In concrete terms this might translate to:
- unit tests that pinpoint what broke in your code when you refactor
- types that codify the contracts between data and functions
- continuous deploys that take less than 15 minutes (you probably have easy wins to make in frontend or backend)
- local development servers that emulate your cloud environment
- “live” values either provided by language servers or editor plugins or replay recording
The causality may be bidirectional. If you make it easier to change things, you will be able to make changes more frequently. It could work the other way too — because you expect to make frequent changes, you are more incentivized to make things easy to change. An extreme example of this involves not just code, but community - the longer a library (or language) stays on version 1, the harder the difficulty of switching to version 2, whereas ecosystems that regularly publish breaking versions (in exchange for clear improvements) seem to avoid stasis by sheer exposure.

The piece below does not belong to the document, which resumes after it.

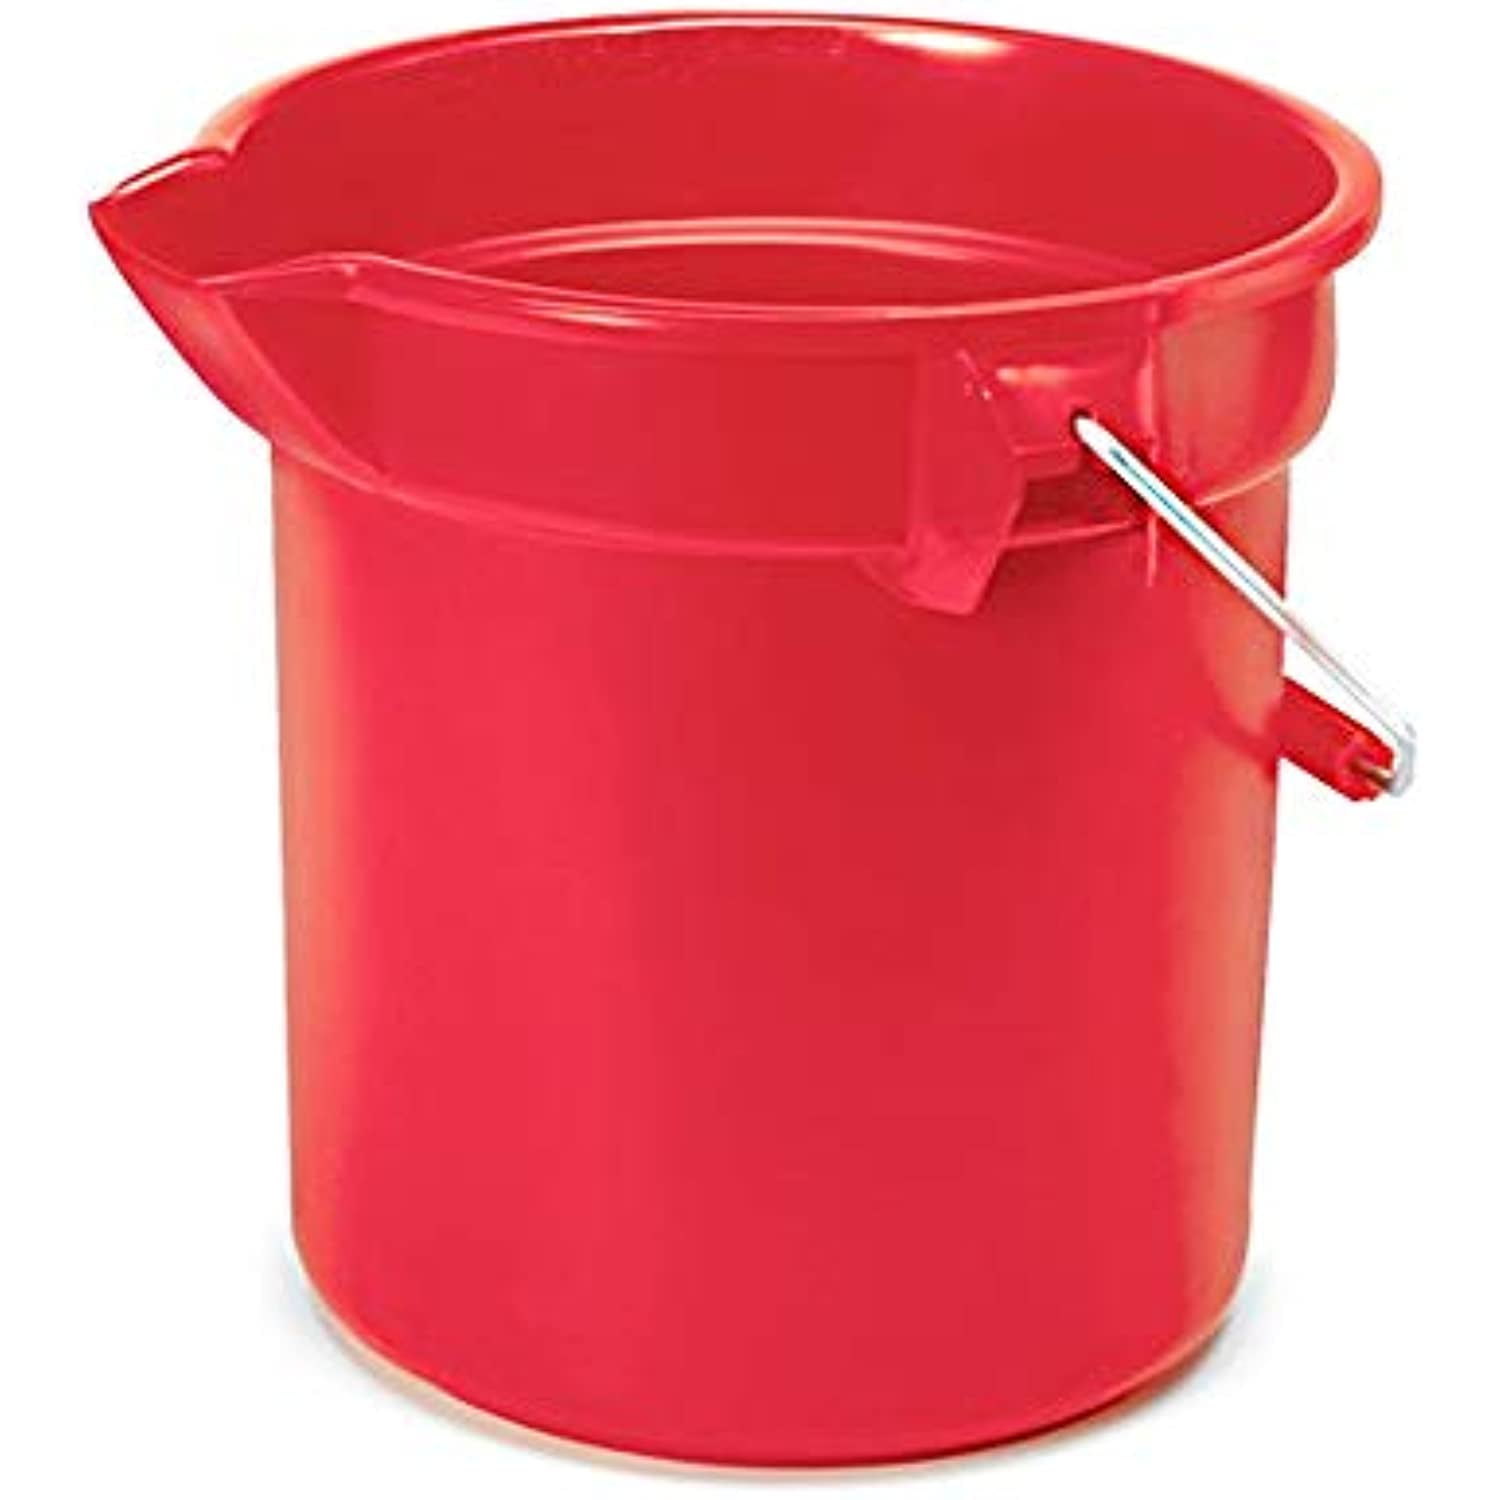  Rubbermaid Commercial Products Brute Heavy-Duty Round Bucket,  10-Quart, Gray, Corrosive-Resistant Pail with Handle for Cleaning/Material  Transport, 2.5 Gallon : Health & Household
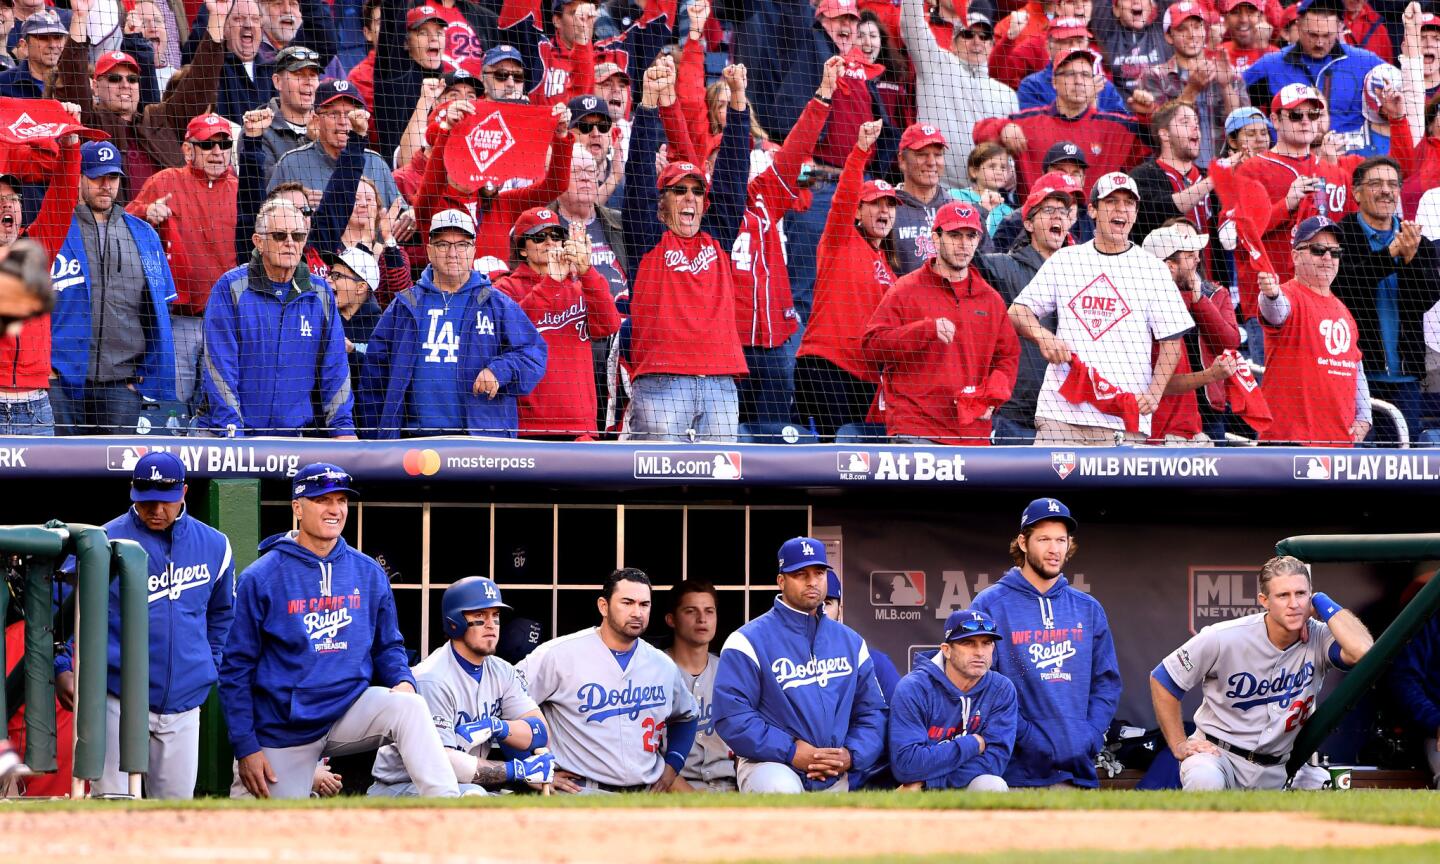 Fans celebrate at the end of the game as members of the Dodgers look on in Game 2.

A caution against too much change
Any good idea turns bad when taken to the extreme. If you change things too much you might be favoring velocity over stability — and stability is very much a feature that your users and code consumers rely on. Hyrum’s law guarantees that with sufficient users and time, even your bugs will be relied on, and people will get upset if you fix them.
That said, overall, I find Optimizing for Change a net win in my programming, product, and system design decisions and am happy that I’ve boiled it down to four principles: Plan for Common Changes, Use Simple Values, Minimize Edit Distance, and Catch Errors Early!